-- DATA PROVIDED follows --
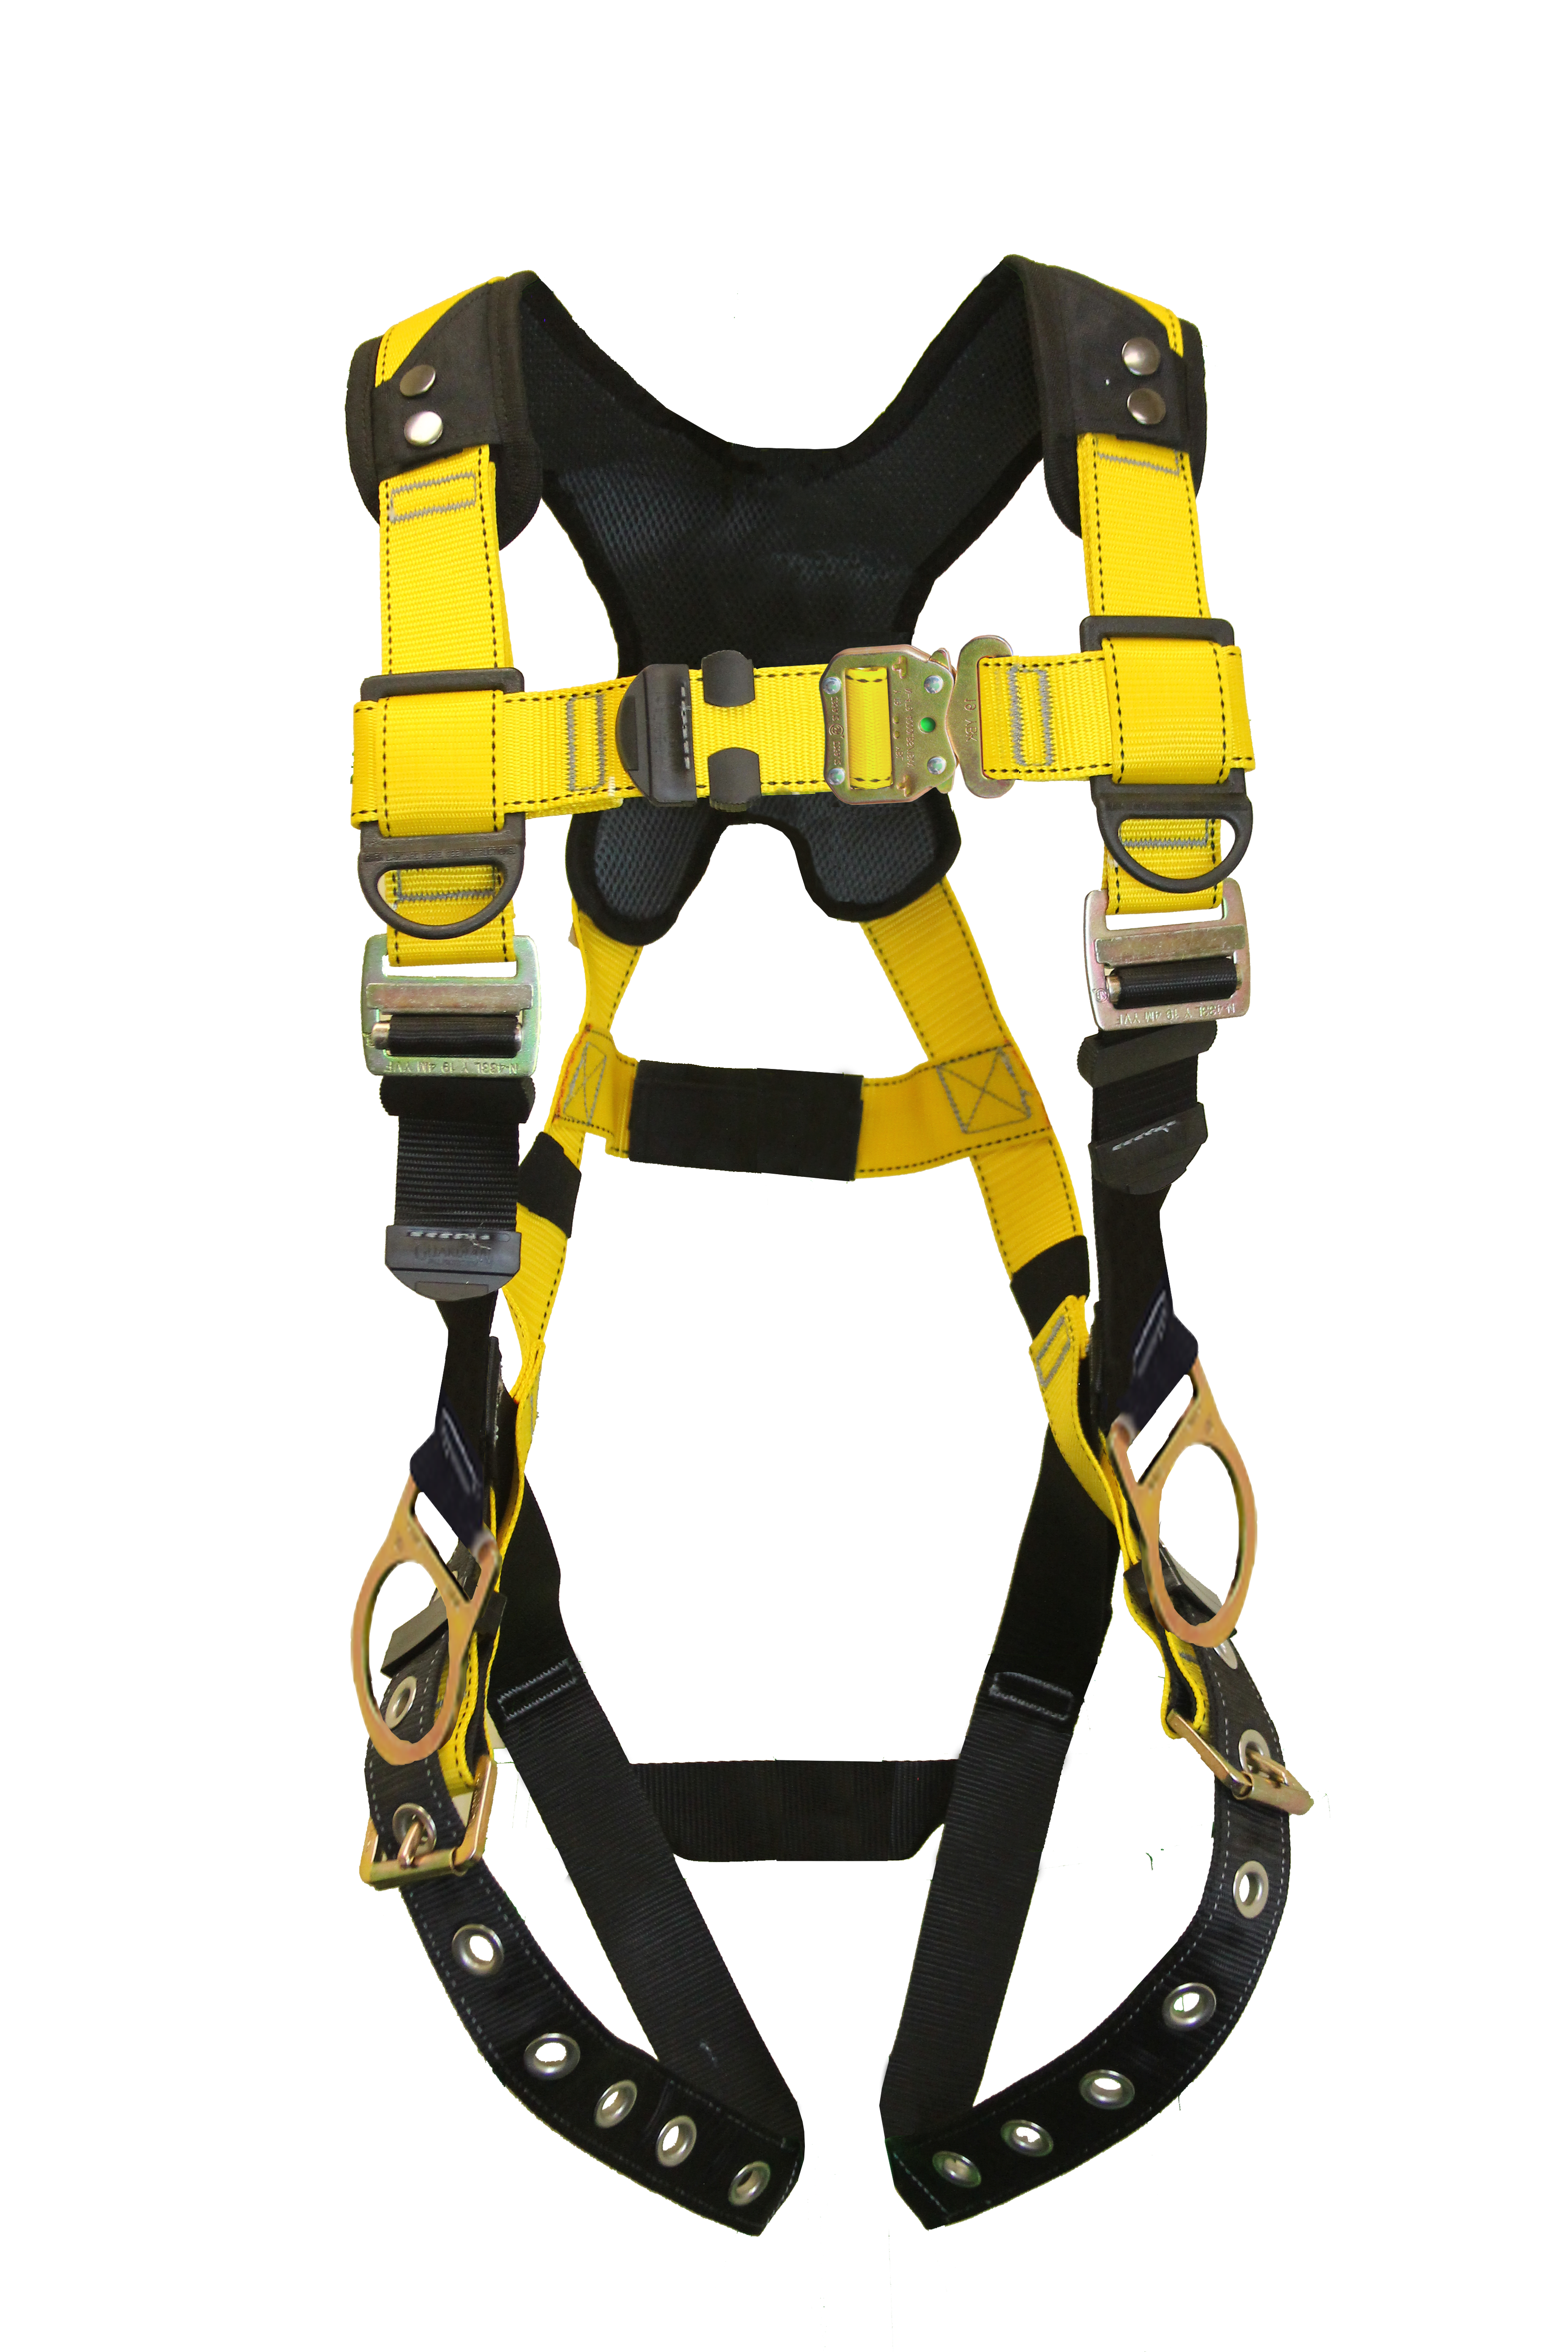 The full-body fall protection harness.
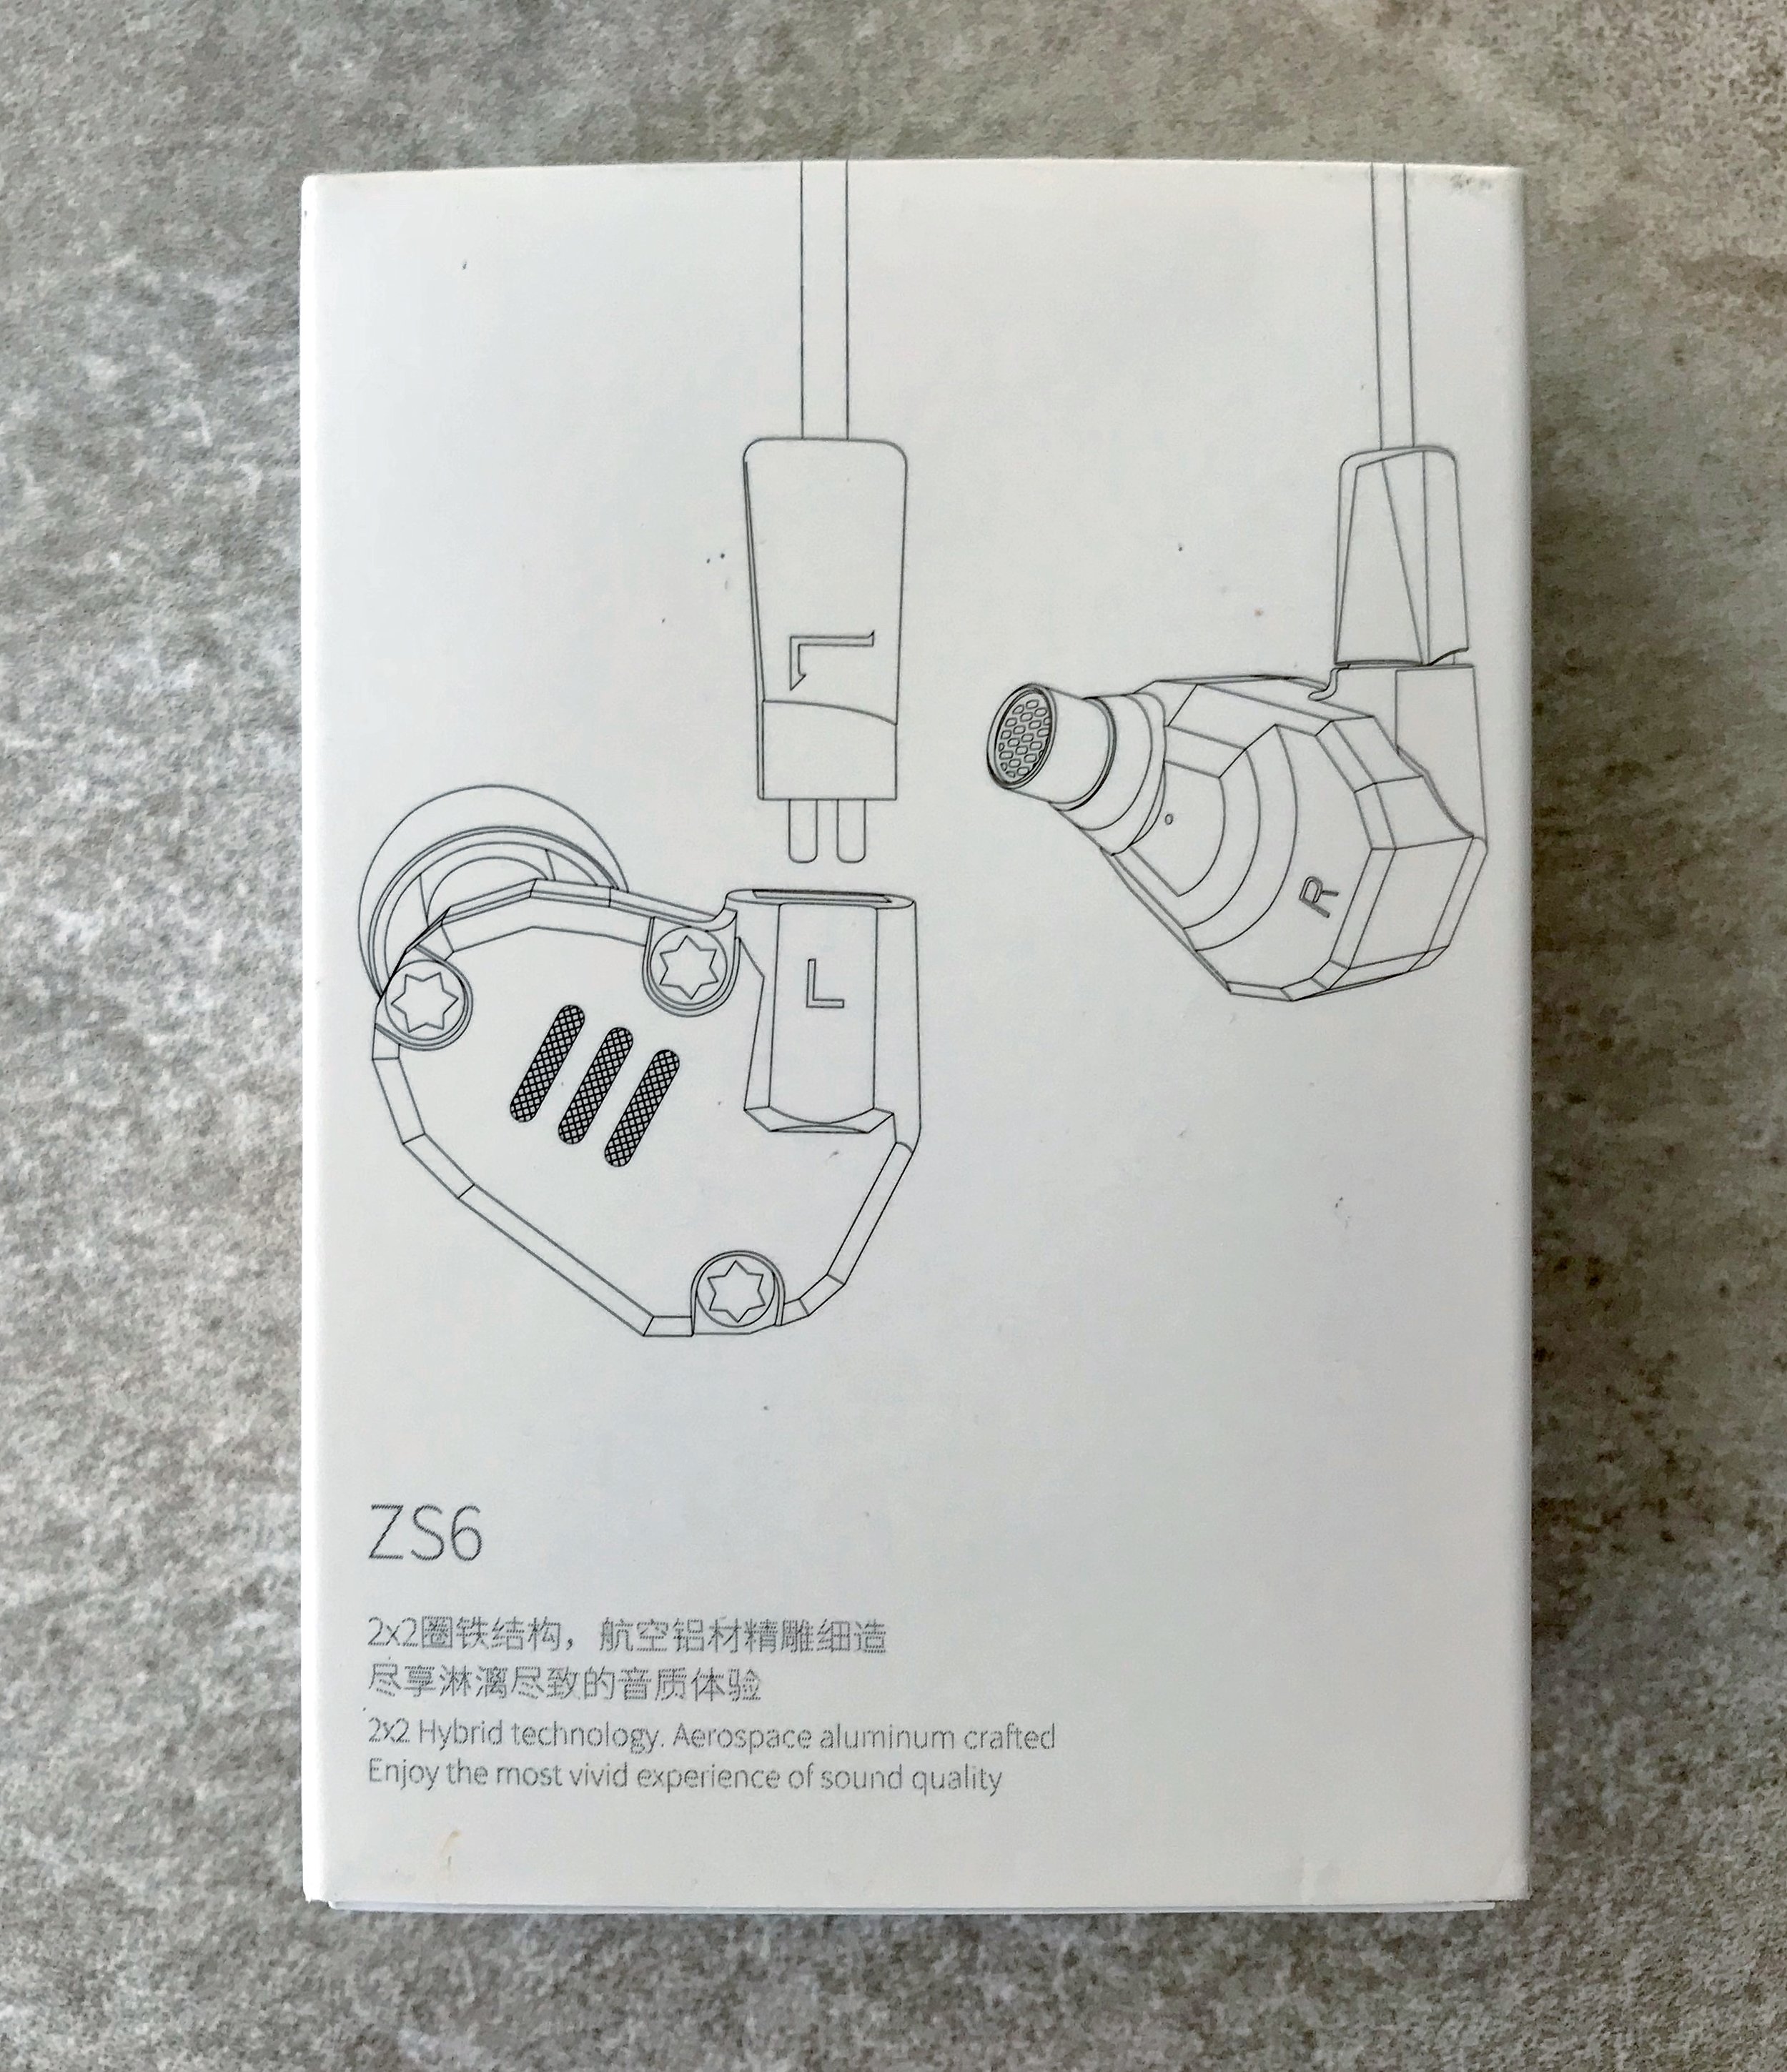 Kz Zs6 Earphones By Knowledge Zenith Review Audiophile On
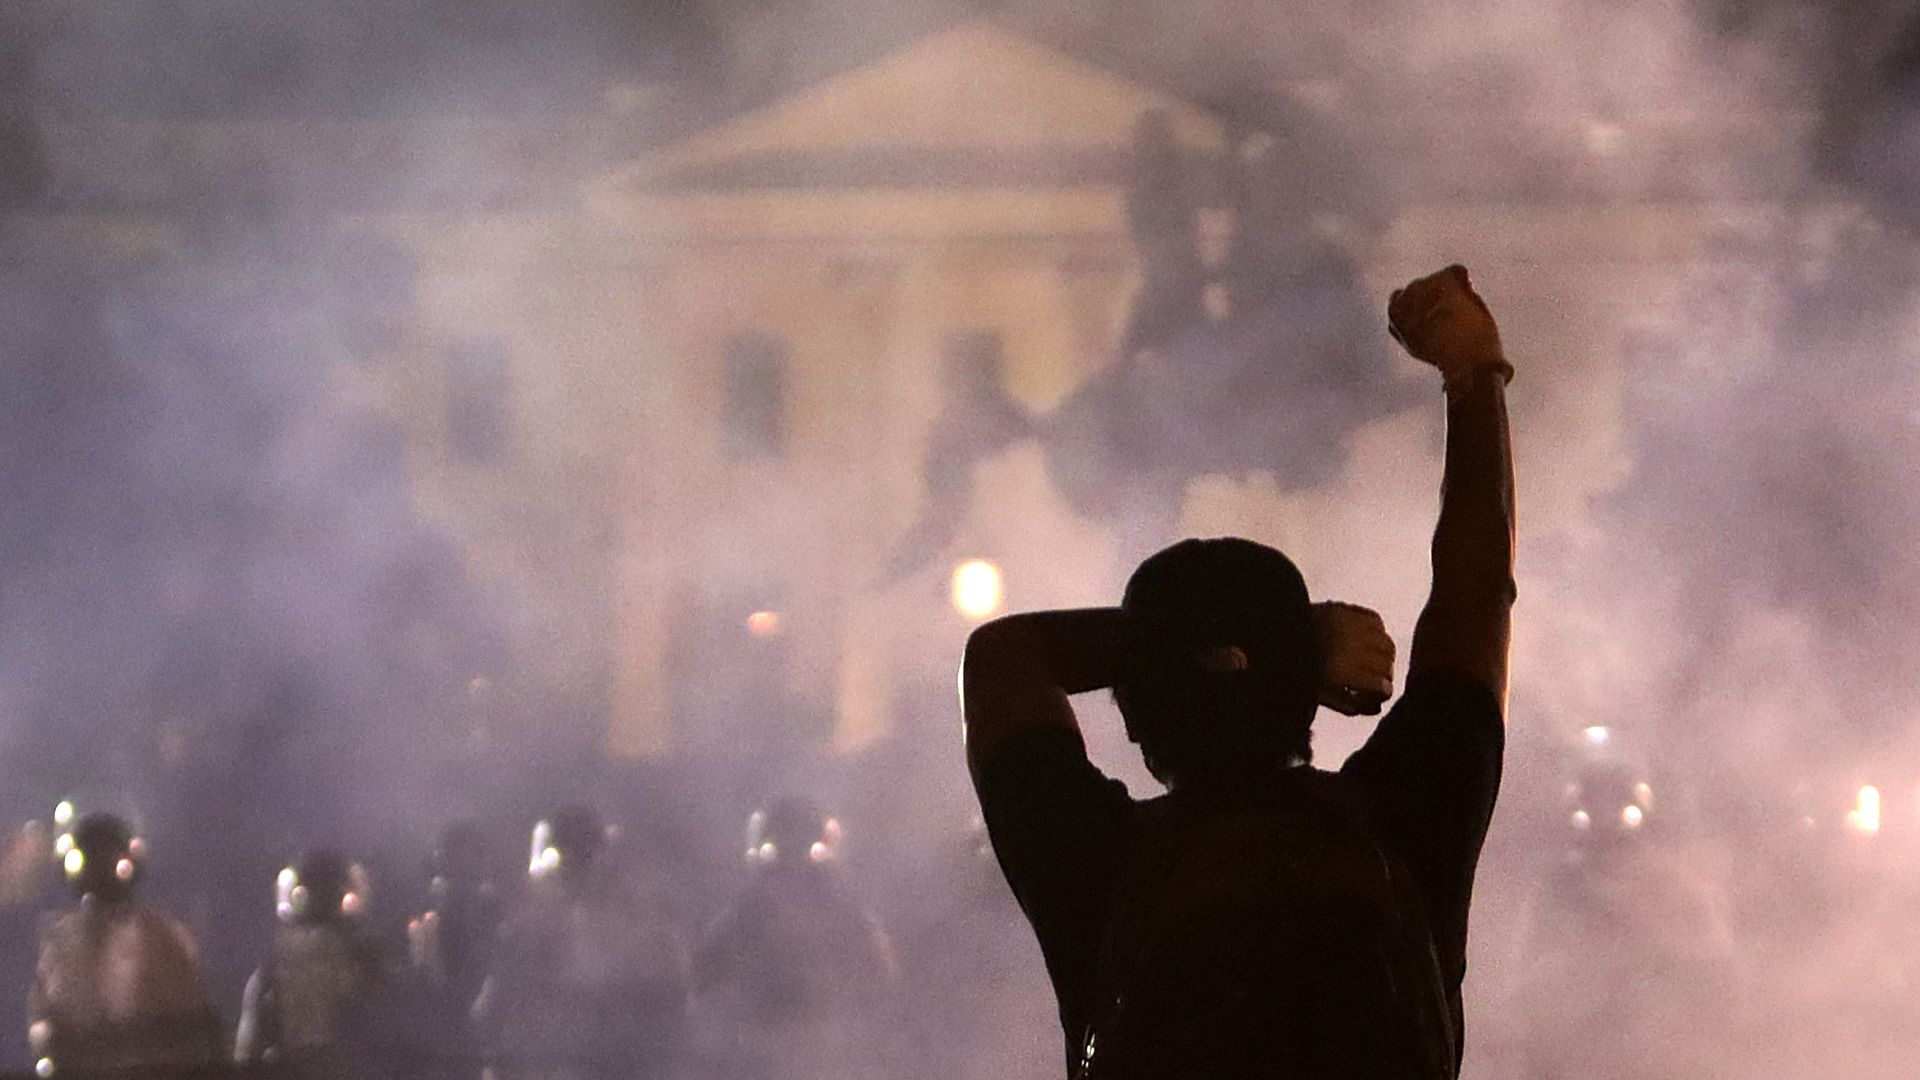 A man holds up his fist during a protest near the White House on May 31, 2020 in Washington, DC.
-- DATA PROVIDED concluded --
» WORK REQUIRED:
Copy out every line of the data above, taking care to leave the pictures out.

» THE COMPLETED TASK:
 The full-body fall protection harness.
 Kz Zs6 Earphones By Knowledge Zenith Review Audiophile On
 A man holds up his fist during a protest near the White House on May 31, 2020 in Washington, DC.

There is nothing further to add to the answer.